• **WORK REQUEST**:
Pick each line containing "Office" out of the records.

• **Collected data**:
'''
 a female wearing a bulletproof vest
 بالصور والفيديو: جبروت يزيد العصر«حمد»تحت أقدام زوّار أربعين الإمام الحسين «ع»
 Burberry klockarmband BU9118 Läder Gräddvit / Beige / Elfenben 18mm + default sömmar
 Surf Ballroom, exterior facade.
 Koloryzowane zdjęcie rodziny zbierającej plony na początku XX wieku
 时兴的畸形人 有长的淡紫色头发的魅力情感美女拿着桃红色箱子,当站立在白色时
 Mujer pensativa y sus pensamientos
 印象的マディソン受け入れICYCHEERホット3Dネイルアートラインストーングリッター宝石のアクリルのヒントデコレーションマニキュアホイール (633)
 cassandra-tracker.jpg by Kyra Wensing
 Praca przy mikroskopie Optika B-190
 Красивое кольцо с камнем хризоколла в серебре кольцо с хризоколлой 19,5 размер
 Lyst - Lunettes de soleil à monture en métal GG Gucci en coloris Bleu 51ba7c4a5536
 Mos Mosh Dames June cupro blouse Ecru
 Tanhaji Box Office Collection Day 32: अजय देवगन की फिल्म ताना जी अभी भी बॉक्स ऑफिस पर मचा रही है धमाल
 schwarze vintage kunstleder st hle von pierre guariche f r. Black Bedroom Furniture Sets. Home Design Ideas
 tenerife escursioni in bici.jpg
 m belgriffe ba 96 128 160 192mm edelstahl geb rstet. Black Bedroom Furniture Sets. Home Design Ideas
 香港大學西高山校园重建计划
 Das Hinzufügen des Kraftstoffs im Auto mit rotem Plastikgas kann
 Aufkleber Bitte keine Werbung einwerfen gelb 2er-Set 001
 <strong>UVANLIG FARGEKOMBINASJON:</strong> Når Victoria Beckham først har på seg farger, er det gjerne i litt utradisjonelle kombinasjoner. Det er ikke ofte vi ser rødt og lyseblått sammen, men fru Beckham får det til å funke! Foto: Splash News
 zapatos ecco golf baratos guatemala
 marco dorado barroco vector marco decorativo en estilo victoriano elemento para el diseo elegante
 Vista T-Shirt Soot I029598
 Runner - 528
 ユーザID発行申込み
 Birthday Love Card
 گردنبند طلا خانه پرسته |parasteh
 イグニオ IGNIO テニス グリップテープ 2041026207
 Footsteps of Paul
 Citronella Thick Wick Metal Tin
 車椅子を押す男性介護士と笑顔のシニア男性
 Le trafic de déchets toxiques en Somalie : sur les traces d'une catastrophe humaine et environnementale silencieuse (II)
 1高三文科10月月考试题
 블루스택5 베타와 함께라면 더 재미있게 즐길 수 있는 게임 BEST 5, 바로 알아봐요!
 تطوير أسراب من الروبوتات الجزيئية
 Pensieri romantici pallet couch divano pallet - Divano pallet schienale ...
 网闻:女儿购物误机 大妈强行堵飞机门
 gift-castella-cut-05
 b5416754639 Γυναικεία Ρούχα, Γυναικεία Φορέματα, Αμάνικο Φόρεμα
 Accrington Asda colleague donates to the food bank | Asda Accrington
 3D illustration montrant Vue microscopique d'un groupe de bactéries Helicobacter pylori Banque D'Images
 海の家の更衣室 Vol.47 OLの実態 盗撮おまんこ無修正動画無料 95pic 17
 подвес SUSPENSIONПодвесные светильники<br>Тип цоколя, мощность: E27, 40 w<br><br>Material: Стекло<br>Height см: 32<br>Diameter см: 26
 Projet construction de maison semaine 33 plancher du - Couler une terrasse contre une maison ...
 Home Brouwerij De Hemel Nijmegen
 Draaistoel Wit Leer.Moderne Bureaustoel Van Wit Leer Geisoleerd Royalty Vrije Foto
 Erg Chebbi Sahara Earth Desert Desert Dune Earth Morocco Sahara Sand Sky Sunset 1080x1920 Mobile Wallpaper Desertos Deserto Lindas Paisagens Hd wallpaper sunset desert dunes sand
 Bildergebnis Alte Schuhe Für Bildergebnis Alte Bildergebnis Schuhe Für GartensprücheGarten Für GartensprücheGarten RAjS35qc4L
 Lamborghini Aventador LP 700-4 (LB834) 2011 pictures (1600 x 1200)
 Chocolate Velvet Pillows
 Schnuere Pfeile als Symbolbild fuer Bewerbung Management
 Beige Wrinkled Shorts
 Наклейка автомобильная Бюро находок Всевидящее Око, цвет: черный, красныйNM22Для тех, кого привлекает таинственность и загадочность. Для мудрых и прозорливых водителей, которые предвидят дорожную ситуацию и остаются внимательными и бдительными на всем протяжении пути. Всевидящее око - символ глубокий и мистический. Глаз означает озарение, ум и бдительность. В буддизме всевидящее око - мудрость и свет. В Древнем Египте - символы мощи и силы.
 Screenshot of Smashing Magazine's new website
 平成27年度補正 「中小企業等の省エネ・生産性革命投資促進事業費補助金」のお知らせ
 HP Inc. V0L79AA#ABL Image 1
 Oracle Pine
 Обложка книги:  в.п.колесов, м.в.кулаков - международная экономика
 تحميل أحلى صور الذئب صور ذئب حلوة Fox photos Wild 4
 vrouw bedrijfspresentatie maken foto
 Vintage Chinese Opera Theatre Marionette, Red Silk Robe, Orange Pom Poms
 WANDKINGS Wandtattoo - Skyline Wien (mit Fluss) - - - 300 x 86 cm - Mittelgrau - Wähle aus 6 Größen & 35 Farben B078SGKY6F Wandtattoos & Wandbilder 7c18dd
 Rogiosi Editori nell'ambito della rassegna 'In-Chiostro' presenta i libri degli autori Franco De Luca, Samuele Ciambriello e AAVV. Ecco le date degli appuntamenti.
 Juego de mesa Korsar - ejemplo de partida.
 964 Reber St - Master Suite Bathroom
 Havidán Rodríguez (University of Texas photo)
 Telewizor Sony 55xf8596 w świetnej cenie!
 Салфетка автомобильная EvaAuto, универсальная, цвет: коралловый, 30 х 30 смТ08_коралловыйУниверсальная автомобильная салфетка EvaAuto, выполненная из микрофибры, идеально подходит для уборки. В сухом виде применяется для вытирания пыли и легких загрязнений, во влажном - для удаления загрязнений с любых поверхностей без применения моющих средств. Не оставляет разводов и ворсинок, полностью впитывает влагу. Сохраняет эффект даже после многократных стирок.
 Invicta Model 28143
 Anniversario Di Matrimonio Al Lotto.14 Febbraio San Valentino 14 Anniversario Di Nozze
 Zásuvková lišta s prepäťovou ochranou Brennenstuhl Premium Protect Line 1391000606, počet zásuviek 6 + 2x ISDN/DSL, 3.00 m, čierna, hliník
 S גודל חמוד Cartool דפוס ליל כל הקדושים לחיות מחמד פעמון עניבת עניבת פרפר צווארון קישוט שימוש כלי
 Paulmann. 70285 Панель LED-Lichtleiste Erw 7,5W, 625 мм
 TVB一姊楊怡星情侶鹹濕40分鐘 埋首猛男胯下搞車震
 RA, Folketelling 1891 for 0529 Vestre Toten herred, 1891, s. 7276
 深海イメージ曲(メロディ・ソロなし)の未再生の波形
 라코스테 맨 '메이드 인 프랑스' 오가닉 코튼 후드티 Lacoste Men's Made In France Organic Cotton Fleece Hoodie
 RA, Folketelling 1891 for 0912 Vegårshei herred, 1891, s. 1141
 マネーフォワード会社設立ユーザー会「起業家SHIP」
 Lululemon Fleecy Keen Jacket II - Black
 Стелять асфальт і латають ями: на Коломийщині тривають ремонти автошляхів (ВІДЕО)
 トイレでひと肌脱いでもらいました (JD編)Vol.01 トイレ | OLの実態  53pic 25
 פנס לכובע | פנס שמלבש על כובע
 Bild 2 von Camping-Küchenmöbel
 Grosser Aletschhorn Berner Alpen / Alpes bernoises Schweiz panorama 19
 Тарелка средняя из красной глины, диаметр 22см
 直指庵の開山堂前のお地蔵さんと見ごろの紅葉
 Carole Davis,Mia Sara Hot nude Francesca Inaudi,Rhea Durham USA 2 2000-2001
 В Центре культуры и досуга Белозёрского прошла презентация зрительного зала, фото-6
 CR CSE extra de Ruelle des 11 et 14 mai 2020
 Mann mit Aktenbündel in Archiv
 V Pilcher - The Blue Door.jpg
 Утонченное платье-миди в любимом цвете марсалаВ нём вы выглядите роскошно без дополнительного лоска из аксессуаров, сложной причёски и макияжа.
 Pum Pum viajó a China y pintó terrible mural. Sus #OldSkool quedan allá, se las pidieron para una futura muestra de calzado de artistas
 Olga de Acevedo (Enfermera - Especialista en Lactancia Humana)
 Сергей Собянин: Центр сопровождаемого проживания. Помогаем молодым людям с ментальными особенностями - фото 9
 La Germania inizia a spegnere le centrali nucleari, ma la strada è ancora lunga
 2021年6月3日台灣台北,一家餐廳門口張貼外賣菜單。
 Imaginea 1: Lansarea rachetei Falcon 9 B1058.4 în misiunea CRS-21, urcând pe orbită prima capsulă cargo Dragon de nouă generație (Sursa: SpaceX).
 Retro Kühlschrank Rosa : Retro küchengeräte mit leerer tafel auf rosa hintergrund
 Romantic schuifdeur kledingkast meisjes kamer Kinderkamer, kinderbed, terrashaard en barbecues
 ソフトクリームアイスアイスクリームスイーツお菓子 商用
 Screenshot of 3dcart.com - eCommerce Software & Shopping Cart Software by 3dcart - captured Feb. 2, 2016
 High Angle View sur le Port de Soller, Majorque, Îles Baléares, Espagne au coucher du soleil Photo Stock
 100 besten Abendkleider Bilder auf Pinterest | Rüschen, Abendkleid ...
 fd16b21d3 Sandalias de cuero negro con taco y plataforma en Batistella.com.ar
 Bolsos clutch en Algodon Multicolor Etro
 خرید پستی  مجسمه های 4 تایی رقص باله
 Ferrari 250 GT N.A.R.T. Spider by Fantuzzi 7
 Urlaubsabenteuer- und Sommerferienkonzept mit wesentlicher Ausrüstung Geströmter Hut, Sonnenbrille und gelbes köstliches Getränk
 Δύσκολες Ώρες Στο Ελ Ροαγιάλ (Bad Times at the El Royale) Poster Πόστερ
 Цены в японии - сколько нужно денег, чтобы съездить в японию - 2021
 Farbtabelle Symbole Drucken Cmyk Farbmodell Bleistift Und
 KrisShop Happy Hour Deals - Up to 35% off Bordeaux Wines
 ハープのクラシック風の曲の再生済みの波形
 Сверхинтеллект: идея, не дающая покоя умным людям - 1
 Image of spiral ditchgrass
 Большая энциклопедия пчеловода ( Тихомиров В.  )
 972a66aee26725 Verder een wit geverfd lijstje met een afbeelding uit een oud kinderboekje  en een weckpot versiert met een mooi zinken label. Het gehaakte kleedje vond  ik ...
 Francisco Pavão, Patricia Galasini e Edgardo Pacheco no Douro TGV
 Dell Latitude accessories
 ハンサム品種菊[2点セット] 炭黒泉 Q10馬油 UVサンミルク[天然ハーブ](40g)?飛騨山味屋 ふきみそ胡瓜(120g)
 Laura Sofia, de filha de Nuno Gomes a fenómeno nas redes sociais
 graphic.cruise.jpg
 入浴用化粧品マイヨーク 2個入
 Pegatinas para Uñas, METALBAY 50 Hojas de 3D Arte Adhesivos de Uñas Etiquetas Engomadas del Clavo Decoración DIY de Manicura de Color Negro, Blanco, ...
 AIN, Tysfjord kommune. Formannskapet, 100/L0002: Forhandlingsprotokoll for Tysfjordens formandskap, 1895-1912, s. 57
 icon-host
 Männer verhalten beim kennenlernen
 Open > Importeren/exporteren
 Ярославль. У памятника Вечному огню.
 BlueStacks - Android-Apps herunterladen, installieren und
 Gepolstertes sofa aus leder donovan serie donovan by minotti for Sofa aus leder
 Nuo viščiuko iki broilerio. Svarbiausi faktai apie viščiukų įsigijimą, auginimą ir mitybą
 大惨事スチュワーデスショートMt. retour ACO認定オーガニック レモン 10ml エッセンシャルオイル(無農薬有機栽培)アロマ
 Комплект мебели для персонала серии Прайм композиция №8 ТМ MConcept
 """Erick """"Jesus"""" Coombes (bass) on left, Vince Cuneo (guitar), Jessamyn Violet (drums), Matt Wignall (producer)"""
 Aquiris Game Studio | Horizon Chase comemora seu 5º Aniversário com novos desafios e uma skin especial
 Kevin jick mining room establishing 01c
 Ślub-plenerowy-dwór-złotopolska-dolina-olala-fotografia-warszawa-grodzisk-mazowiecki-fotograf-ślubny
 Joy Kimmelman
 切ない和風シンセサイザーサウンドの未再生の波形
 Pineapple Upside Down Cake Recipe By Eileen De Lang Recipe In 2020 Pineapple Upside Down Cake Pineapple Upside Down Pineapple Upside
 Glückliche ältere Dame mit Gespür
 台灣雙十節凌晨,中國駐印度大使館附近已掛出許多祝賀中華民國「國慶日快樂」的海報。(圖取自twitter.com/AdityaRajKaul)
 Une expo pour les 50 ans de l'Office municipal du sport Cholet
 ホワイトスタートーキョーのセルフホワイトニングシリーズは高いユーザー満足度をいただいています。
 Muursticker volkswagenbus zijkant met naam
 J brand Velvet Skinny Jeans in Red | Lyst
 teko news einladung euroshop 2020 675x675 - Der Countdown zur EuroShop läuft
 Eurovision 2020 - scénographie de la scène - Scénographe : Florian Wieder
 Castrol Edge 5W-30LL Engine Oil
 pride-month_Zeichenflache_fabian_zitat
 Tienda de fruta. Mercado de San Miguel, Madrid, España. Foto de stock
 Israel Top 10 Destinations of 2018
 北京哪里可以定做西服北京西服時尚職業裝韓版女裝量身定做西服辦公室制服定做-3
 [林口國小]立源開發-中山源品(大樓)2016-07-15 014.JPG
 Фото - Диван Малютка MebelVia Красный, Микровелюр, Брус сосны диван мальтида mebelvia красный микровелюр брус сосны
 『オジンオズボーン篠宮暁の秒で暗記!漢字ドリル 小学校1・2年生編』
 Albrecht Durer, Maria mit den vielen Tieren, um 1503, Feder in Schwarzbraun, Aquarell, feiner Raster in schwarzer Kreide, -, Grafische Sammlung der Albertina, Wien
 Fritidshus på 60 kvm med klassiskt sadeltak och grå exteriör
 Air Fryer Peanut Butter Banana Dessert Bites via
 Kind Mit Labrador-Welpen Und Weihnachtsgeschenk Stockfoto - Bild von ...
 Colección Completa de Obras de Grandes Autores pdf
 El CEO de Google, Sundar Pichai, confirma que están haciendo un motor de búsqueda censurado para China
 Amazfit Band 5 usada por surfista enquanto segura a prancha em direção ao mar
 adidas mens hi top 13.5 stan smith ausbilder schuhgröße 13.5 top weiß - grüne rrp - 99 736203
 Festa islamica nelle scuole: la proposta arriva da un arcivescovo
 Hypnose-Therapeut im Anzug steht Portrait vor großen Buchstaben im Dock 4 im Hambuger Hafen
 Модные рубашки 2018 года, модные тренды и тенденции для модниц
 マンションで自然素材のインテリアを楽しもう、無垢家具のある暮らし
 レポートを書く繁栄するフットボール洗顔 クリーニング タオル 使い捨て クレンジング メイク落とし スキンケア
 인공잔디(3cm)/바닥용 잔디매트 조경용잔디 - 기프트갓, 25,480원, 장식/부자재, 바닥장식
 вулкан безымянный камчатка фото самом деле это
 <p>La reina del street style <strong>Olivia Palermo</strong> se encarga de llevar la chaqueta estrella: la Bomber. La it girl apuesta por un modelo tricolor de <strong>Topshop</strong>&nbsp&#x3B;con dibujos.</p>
'''
• **RESPONSE**:
 Tanhaji Box Office Collection Day 32: अजय देवगन की फिल्म ताना जी अभी भी बॉक्स ऑफिस पर मचा रही है धमाल
 Une expo pour les 50 ans de l'Office municipal du sport Cholet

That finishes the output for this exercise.